# Turkish coffee - different questions



## Dr Forinor (Jul 30, 2018)

I like to try different coffee beverages and I'm super intrigued by Turkish coffee.

Before I buy the cezve, and buy/grind Turkish coffee, I'm trying to gauge if it'll be worth the effort.

- Can someone give me an indication of what I can expect taste wise, when compared to an espresso, (given the same beans)?

- Should I buy the Turkish coffee that seems to be most popular in Turkey (from what I have read - https://www.amazon.co.uk/Mehmet-Efendi-Turkish-coffee-100g/dp/B004HPLI5U/ref=sr_1_6?keywords=turkish+coffee&qid=1558104111&s=gateway&sr=8-6) or can I pick any coffee beans?

- I read the lighter/medium roasts are better than darker roasts for this, correct?

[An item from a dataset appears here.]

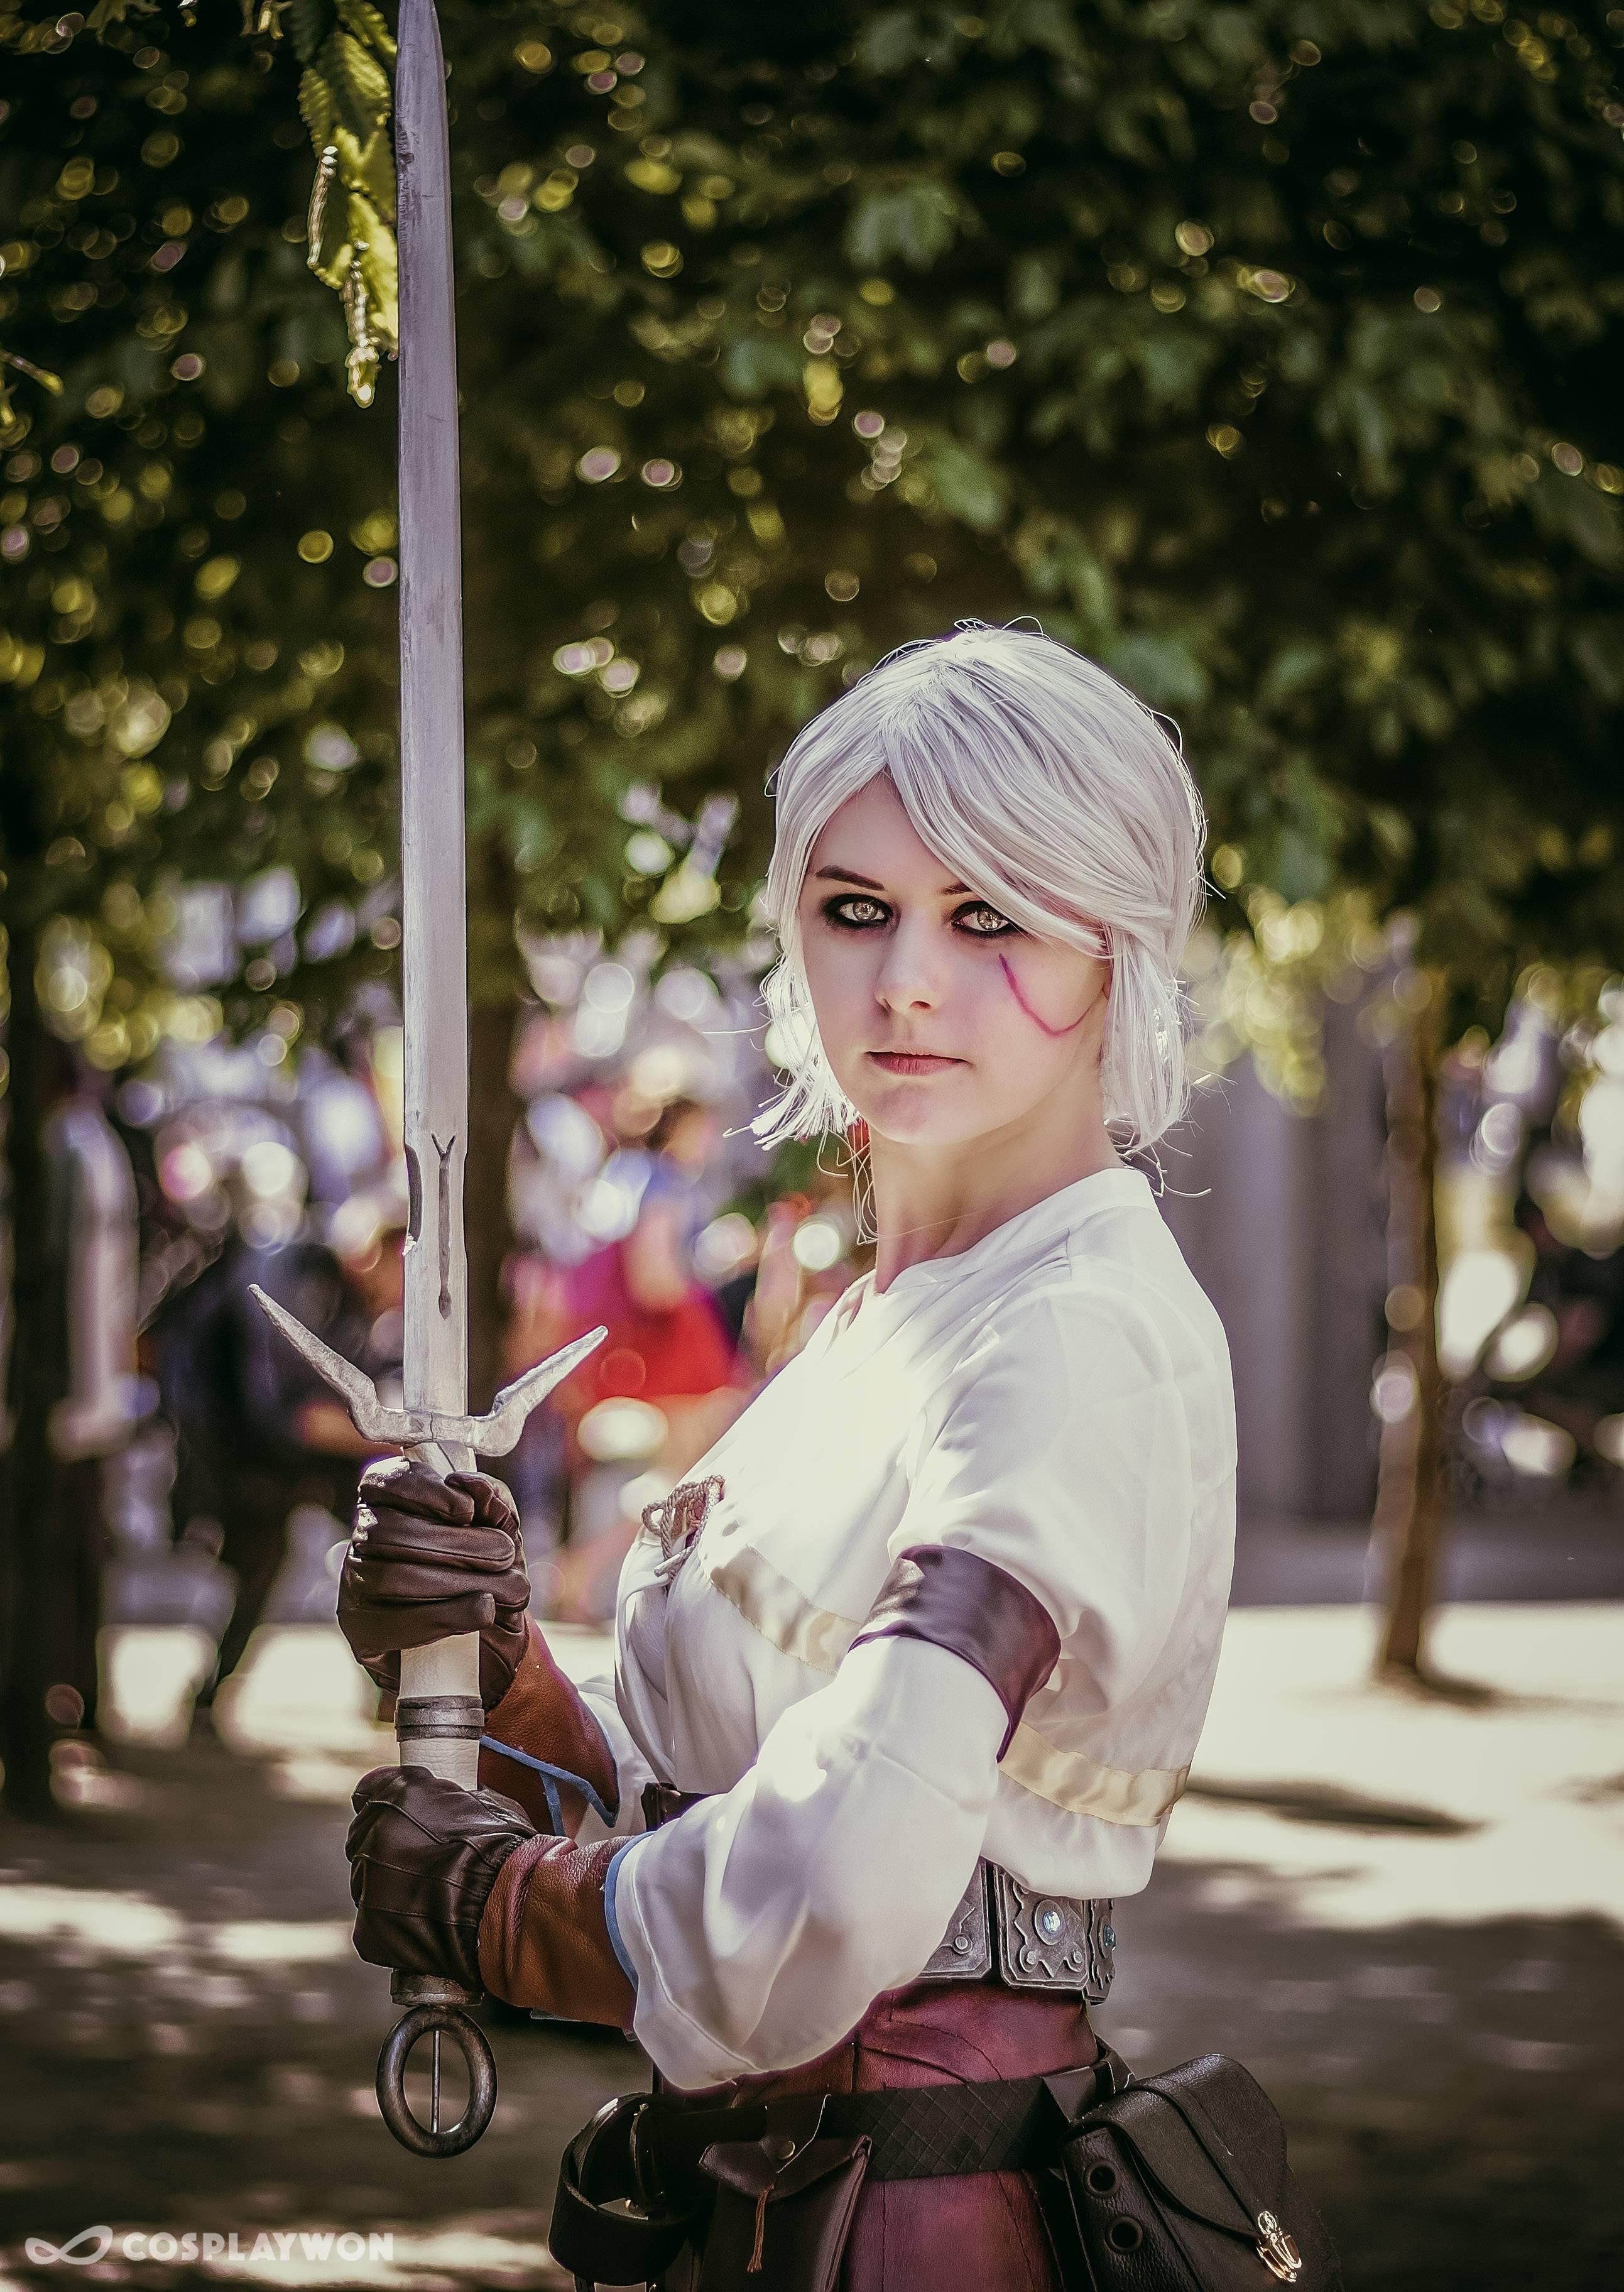 Lena (LenaMay cosplay) Liked Posts - CosplayWon

- My only way of grinding coffee will be my Lido 3, should I attempt it, or is that just a silly idea?


----------



## MWJB (Feb 28, 2012)

You can make it with any beans, but sure, try the Turkish brand.

I don't think roast makes a big deal of difference, you might want a lower brew ratio for darker coffee.

A lido 3 should be OK in the finest range, might not be talc fine, but will extract OK, foam might not be great though. I mostly filter mine (keeping the sludge in the cezve) so not bothered about foam, also grinding coarser still extracts OK

Taste wise, should be similar to other brew methods (unless silt ruins the experience), intensity half way between brewed & espresso. But, people brew Turkish at a wide range of ratios, from 5g coffee to 80g water, up to 12g coffee & 100g water.


----------



## Power Freak (Dec 14, 2018)

Dr Forinor said:


> - My only way of grinding coffee will be my Lido 3, should I attempt it, or is that just a silly idea?


Be prepared for some work! You'll probably want to push the grinder into your thigh to get purchase. It will be pretty tough going but you can do it.

Why not go to a Turkish restaurant and try there to see if you see if you like it? I've been served traditional "proper" Turkish style coffees before. Greek and Cypriots have their own versions that are fairly similar too (but each will claim theirs is superior).

Taste wise expect strong, the idea is generally to get silt/fines in these drinks. If you like clean cups it's probably not going to be for you. I believe that the shape the grinds left in your cup can be used to tell your fortune.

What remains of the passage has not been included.